Ja wierzę ,że do mnie mój Aniołek powróci…
Pozdrawiam
Opieka lekarska Fata jest tutaj gorsz niz w Polsce- ci co do lekarzy nei chodza nie wiedz- wiadomo, ale moje dziecko juz razb ylo w sztpitalu przez zaniedbana przez lekarzy infekcje ucha…musial dostawal dozylne antybiotyki.

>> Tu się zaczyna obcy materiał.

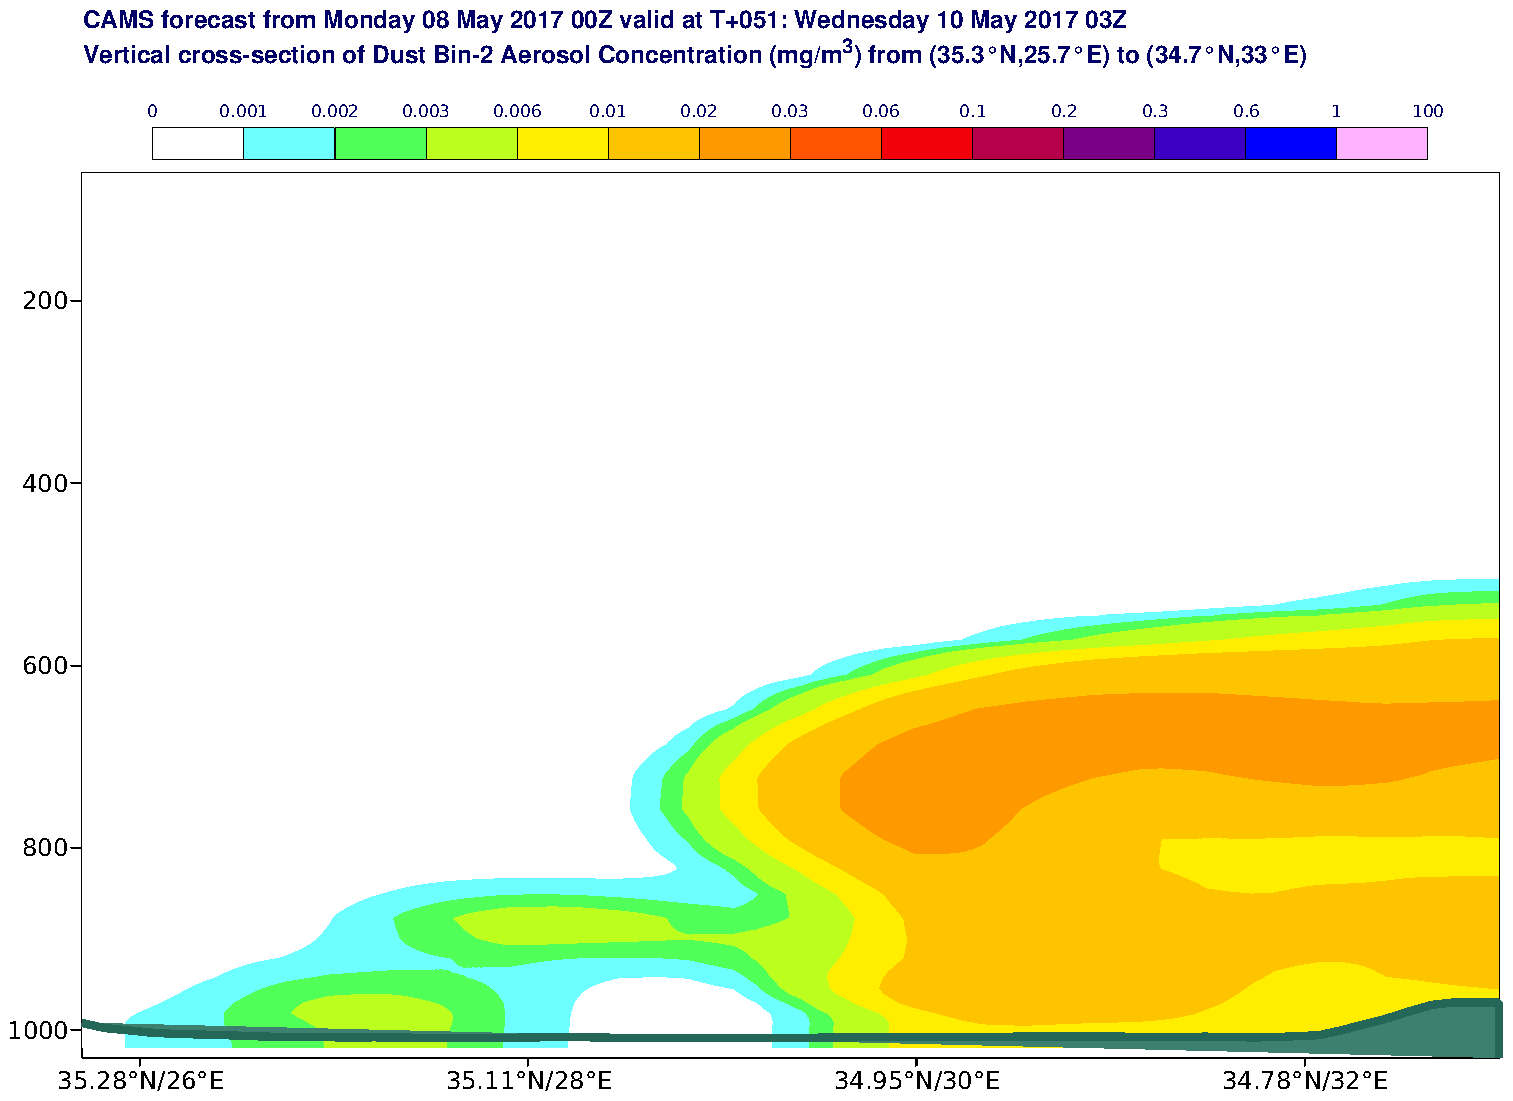 Vertical cross-section of Dust Bin-2 Aerosol Concentration (mg/m3) valid at T51 - 2017-05-10 03:00

Ja mialam jakies zapalenie…umieralam z bolu- powiedzieli mi ze to sa bole ktore powinny same przejsc…sama zaczelam brac antybiotyk-po ktorym mi cudotworczo normalnie przeszlo….

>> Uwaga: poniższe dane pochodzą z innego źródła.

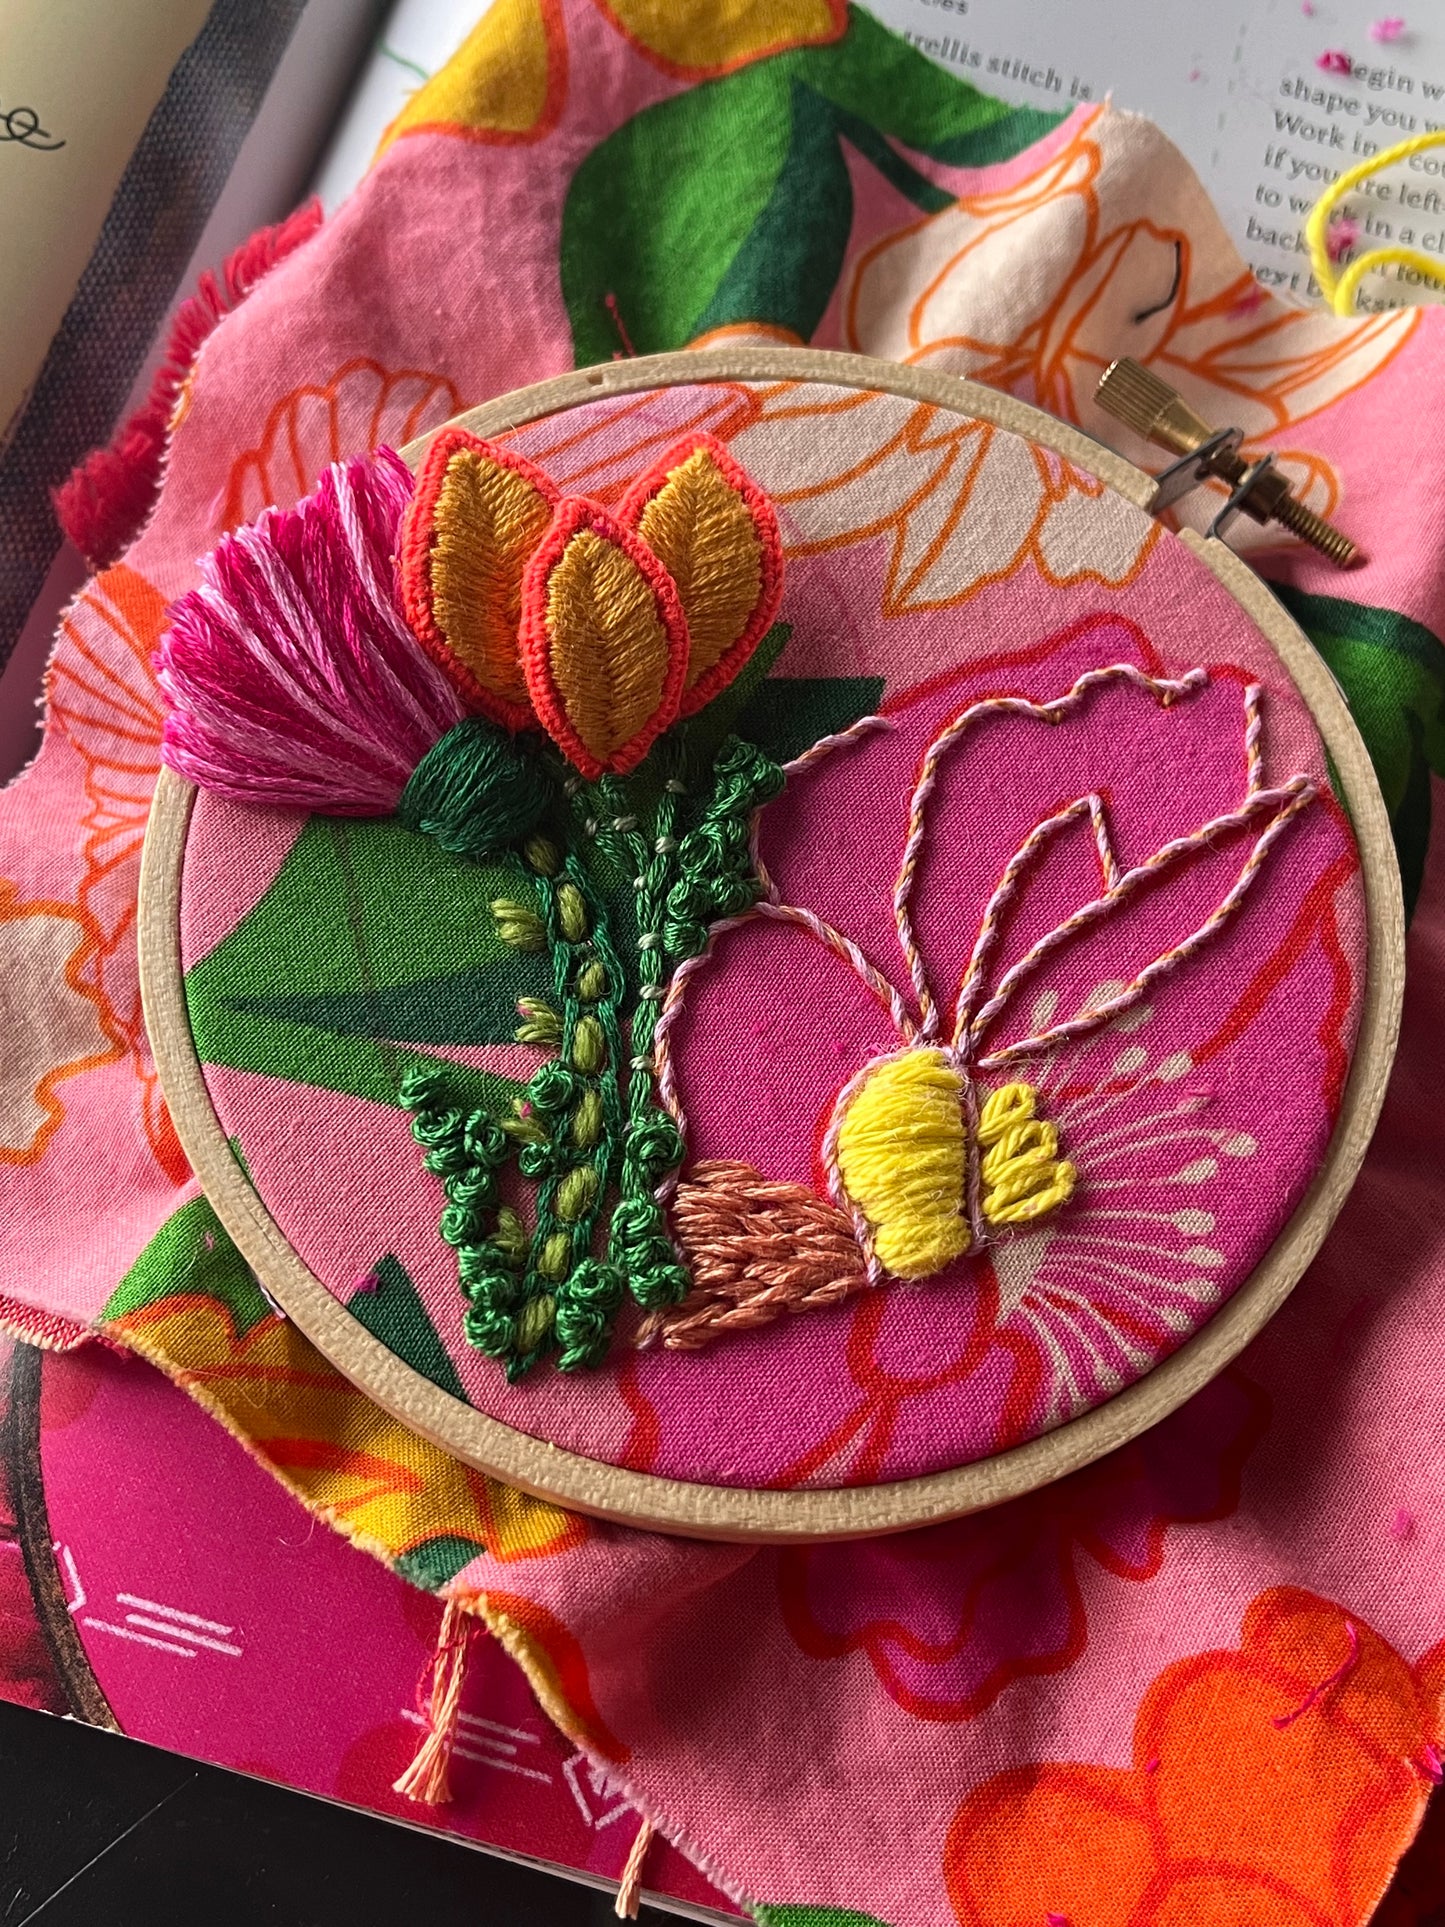 Intro to Stumpwork Embroidery Workshop // March 21st

Polscy lekarze- i polskie podejscie jest pod tym wzgledem o niebo lepsze niz tu w UK.
nawet nic nie pisz na ten temat serce mi sie kraje jak lekarze podhcodza do dzieci,szczerze moge powiedziec ze nfz jets jaki jest ale podejscie lekarzy do sprawy wPolsce ejst o niebo lepsze!!
Przyklda dziewczynka kaszel,katar jaies przeziebionko ale w miechu 1 miesiaca takich spraw sie nei olewa a lekarz tu mowi ze to normalne 😯 😯 i wszytsko co nie zglosisz to mowia ze normalne,pytalem midwife o witamine d3 to wiesz co sie zapytala co to jets???? wpolsce to sie podaje od bodajze 2 tyg zycia a ona niewie co to jest???dziwne nawet jak nie uzywaja to powinna po szkole wiedziec co to i na co ??
Opieka lekarska Fata jest tutaj gorsz niz w Polsce- ci co do lekarzy nei chodza nie wiedz- wiadomo, ale moje dziecko juz razb ylo w sztpitalu przez zaniedbana przez lekarzy infekcje ucha…musial dostawal dozylne antybiotyki. Ja mialam jakies zapalenie…umieralam z bolu- powiedzieli mi ze to sa bole ktore powinny same przejsc…sama zaczelam brac antybiotyk-po ktorym mi cudotworczo normalnie przeszlo….
Polscy lekarze- i polskie podejscie jest pod tym wzgledem o niebo lepsze niz tu w UK.
ej ale moj maluch dostal- od razu po urodzeniu….ta witamine
ej ale moj maluch dostal- od razu po urodzeniu….ta witamine
ale po urodzeniu to dawali wit. k
acha
to pomylilo mi sie
A po co chcesz dawac witamine D?
W Polsce daja?
O ile sie nie mylę wit D jest przeciwko krzywicy,umożliwia wchłanianie wapnia i fosforu, wpływa na kształtowanie się kości i zębów, działa korzystnie na system nerwowy i mięśniowy, łagodzi stany zapalne skóry.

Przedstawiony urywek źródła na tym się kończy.